Ann Marie Navar, a cardiologist at UT Southwestern Medical Center, stated this therapy improves prevention capabilities on a population level significantly. She highlighted that fewer than half of patients with established atherosclerotic cardiovascular disease currently reach LDL cholesterol goals in clinical practice. An oral option matching the efficacy of injectables addresses a critical gap in current treatment protocols for heart disease.
Most participants in the trial were already utilizing statins, yet their average LDL cholesterol remained at 96 milligrams per deciliter. This figure exceeds the recommended target of 70 mg/dl for those with atherosclerosis or 55 mg/dl for high-risk individuals globally. The new drug successfully lowered these markers to meet or exceed safety thresholds for cardiovascular protection without additional side effects.
Data collected over a full year of follow-up indicated that the cholesterol reductions remained stable throughout the entire observation period. The medication also impacted other biomarkers linked to heart disease, including apolipoprotein B and lipoprotein(a) concentrations. These consistent results suggest the therapy provides sustained benefits beyond simple lipid reduction for patients with risk factors.
A second clinical trial is currently underway to determine if these biochemical improvements translate to fewer heart attacks and strokes in real-world settings. Regulatory approval from the Food and Drug Administration remains a prerequisite before the drug can become available commercially to the public. Merck & Co. Inc. sponsored the initial research and continues to fund subsequent investigations into the compound and its long-term safety.
Wider adoption of oral PCSK9 inhibitors could shift the economic landscape of cardiovascular care and drug manufacturing across international markets. High costs and insurance barriers previously hindered access to injectable therapies, though those issues have improved recently for many patients. An oral formulation might further reduce administrative burdens on healthcare providers and improve patient compliance rates significantly. Developing nations may benefit from lower distribution costs associated with pills compared to cold-chain injectable requirements.
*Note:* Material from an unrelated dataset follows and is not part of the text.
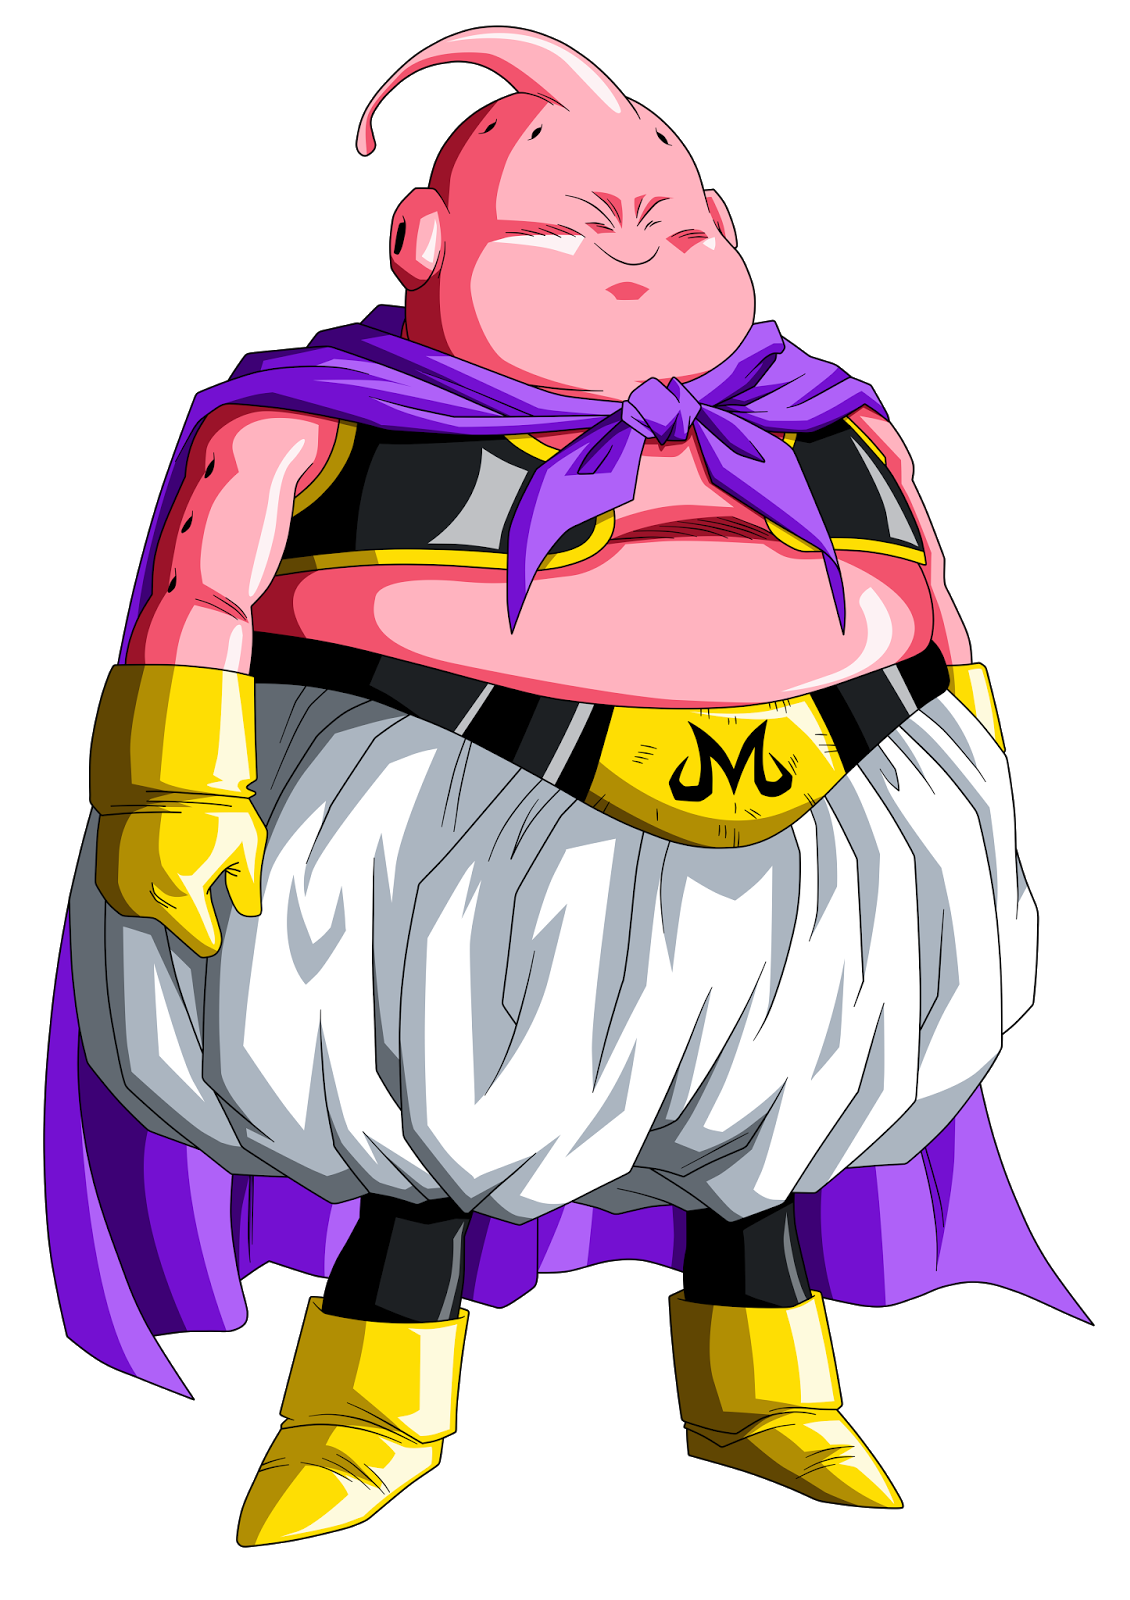 Madimbu personagem do Dragon Ball muito forte

Analysts will monitor the upcoming outcomes trial to assess real-world efficacy regarding hard endpoints like mortality and hospitalization rates. The scientific community awaits further data on potential side effects and long-term safety profiles before widespread implementation occurs. Successful approval would mark a significant milestone in the evolution of lipid-lowering treatments since the introduction of statins decades ago. Merck shares reacted positively to the initial data release, signaling strong investor confidence in the potential market value.